• **Work to complete**:
In the records below, begin at the line containing "This exceptional pair" and end at the line containing "frisee salad with"; quote every line in that span exactly, including both boundary lines, and no others.

• **Exercise input**:
-- Opening Marker --

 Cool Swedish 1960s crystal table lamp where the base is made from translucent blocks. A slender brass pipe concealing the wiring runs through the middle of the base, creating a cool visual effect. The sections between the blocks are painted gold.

-- Closing Marker --
-- Opening Marker --

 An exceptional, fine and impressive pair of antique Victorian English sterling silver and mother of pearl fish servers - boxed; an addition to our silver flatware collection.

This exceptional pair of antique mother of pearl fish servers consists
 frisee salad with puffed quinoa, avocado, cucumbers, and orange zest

-- Closing Marker --

• **Result**:
This exceptional pair of antique mother of pearl fish servers consists
 frisee salad with puffed quinoa, avocado, cucumbers, and orange zest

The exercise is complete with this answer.